From: Phil Dawes <pdawes@users.sourceforge.net>
Date: Tue, 20 Apr 2004 18:19:28 +0100
To: "Peter F. Patel-Schneider" <pfps@research.bell-labs.com>
Cc: www-rdf-interest@w3.org
Message-ID: <16517.23456.240165.31082@gargle.gargle.HOWL>
Peter F. Patel-Schneider writes:
 > 
 > > Unfortunately, most of the RDF I consume doesn't contain this
 > > contextual linkage information (or even appear in well formed
 > > documents). Take RSS1.0 feeds for example: If there's a term I don't
 > > know about, the RSS feed doesn't contain enough context information
 > > for my SW agent to get me a description of that term.
 > 
 > Yes, this is a definite problem with some sources - they use terms
 > without providing information about their meaning.  Such sources are
 > broken and, in my view, violate the vision of the Semantic Web.
 > 
 > How, then, to do something useful in these situations?  A scheme that
 > goes to a standard location (namely the document accessible from the
 > URI of the URI reference) is probably no worse than any other.
 > However, it should always be in mind that this scheme incorporates a
 > leap of faith: faith that the standard document has information about
 > the term; faith that the standard document has usefully-complete
 > information about the term; faith that the document using the term is
 > using it in a way compatible with the information in the standard
 > document.  Each of these can leaps of faith can be counter to reality
 > and, worse, they can be counter to reality in undetectable ways.
 > 

All true. However the web shows us that people publishing information
do tend to go to some lengths to ensure that it is as accessible and
usable as possible. I suspect that if it becomes a convention that
agents go to the URI when they don't have any other information,
people will endeavour to put useful information there.

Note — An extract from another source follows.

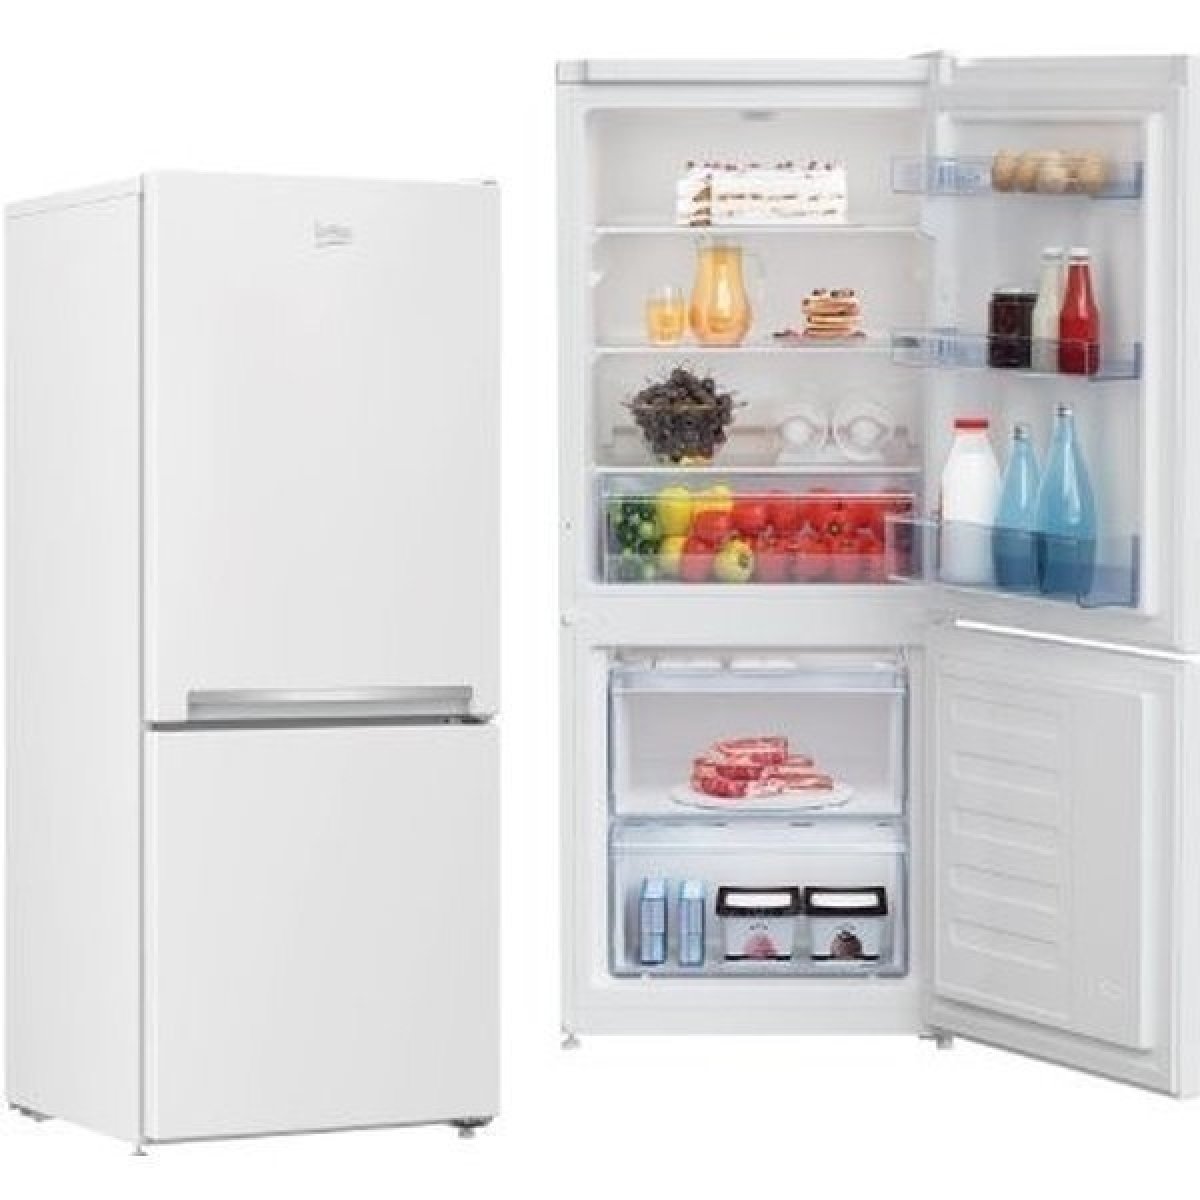 Praktická kompaktní lednice

 > > I'd like a facility for doing this that doesn't rely on a centralised
 > > search-engine.
 > > 
 > > Ideally I'd also like a facility to search based on any URI: If
 > > somebody is selling Bicycles, I'd like my agent to be able to find
 > > other Bicycle sellers in order to compare prices etc..
 > 
 > But how do you expect your scheme to solve this problem?  It
 > (probably) won't find sellers of racing bicycles, whereas an IR
 > approach would (probably).  It (probably) won't find sellers of
 > personal non-motorized transportation devices, but neither would an IR
 > approach.  Moreover, to find such sellers, it places severe burdens on
 > information sources, both computational and legal.
 > 

I'm not familiar with IR in this context - is this a centralised
search service?

I would imagine a decentralised version could work like this:

The original source says:
<#superbike300> <rdf:type> <http://example.com/foo/Racingbike>

My agent dereferences 'http://example.com/foo/Racingbike' and the
representation returned gives information about racing bikes
(e.g. it's <rdfs:subClassOf> <bah:Bike>, <owl:equivalentClass>
<baz:RacingBike> etc...). It provides some links <rdfs:seeAlso> to
sources of racing bike instances, and maybe some metadata about those
sources (source has an http joseki interface etc..).

My agent then uses the sources to locate other <#seller>s of
<Racingbikes>.

N.B. The seller of <#superbike300> has chosen to use the term
<http://example.com/foo/Racingbike> over other identical terms because
it has a good information lookup service. 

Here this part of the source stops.